• 中国计算机学会会刊
  • 中国科技核心期刊
  • 中文核心期刊

计算机工程与科学

• 论文 • 上一篇    下一篇

基于MapReduce的Bagging决策树优化算法

张元鸣,陈苗,陆佳炜,徐俊,肖刚   

  1. (浙江工业大学计算机科学与技术学院,浙江 杭州 310023)
  • 收稿日期:2017-01-20 修回日期:2017-03-25 出版日期:2017-05-25 发布日期:2017-05-25
  • 基金资助:

    浙江省重大科技专项(2014C01408);浙江省公益性技术项目(2017C31014)

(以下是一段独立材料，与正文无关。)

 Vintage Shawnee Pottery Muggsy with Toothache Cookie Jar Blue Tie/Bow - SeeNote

An optimized bagging decision tree
algorithm based on MapReduce

ZHANG Yuan-ming,CHEN Miao,LU Jia-wei,XU-Jun,XIAO Gang   

  1. (College of Computer Science & Technology,Zhejiang University of Technology,Hangzhou 310023,China)
  • Received:2017-01-20 Revised:2017-03-25 Online:2017-05-25 Published:2017-05-25

摘要:

针对经典C4.5决策树算法存在过度拟合和伸缩性差的问题,提出了一种基于Bagging的决策树改进算法,并基于MapReduce模型对改进算法进行了并行化。首先,基于Bagging技术对C4.5算法进行了改进,通过有放回采样得到多个与初始训练集大小相等的新训练集,并在每个训练集上进行训练,得到多个分类器,再根据多数投票规则集成训练结果得到最终的分类器;然后,基于MapReduce模型对改进算法进行了并行化,能够并行化处理训练集、并行选择最佳分割属性和最佳分割点,以及并行生成子节点,实现了基于MapReduce Job工作流的并行决策树改进算法,提高了对大数据集的分析能力。实验结果表明,并行Bagging决策树改进算法具有较高的准确度与敏感度,以及较好的伸缩性和加速比。

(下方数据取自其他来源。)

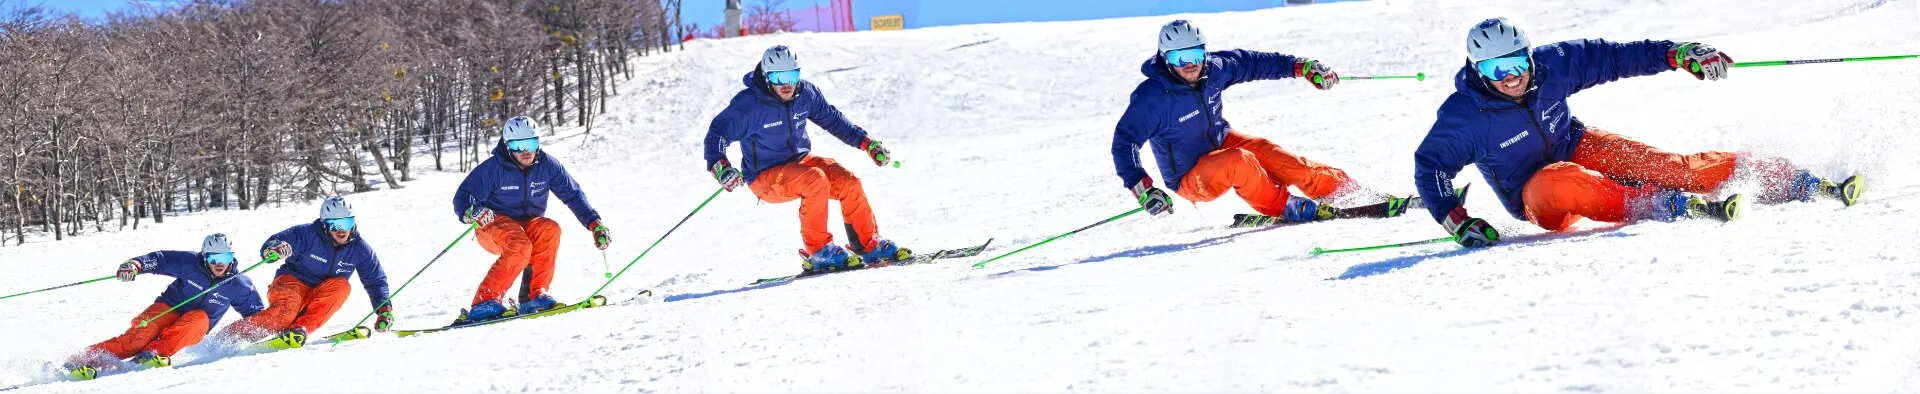 Ski Turn Action Photo Sequence

关键词: 决策树, Bagging, MapReduce模型, 大数据分析, 准确性

Abstract:

In order to address the shortcomings of overfitting and poor scalability of the C4.5 decision tree algorithm, we propose an optimized C4.5 algorithm with Bagging technique, and then parallelize it according to the MapReduce model. The optimized algorithm can obtain multiple new training sets that are equal to the initial training set by sampling with replacement. Multiple classifiers can be obtained by training the algorithm with these new training sets. A final classifier is generated according to a majority voting rule that integrates the training results. Then, the optimized algorithm is parallelized in three aspects, including parallel processing training sets, parallel selecting optimal decomposition attributes and optimal decomposition point, and parallel generating child nodes. A parallel algorithm based on job workflow is implemented to improve the ability of big data analysis. Experimental results show that the parallel and optimized decision tree algorithm has higher accuracy, higher sensitivity, better scalability and higher performance.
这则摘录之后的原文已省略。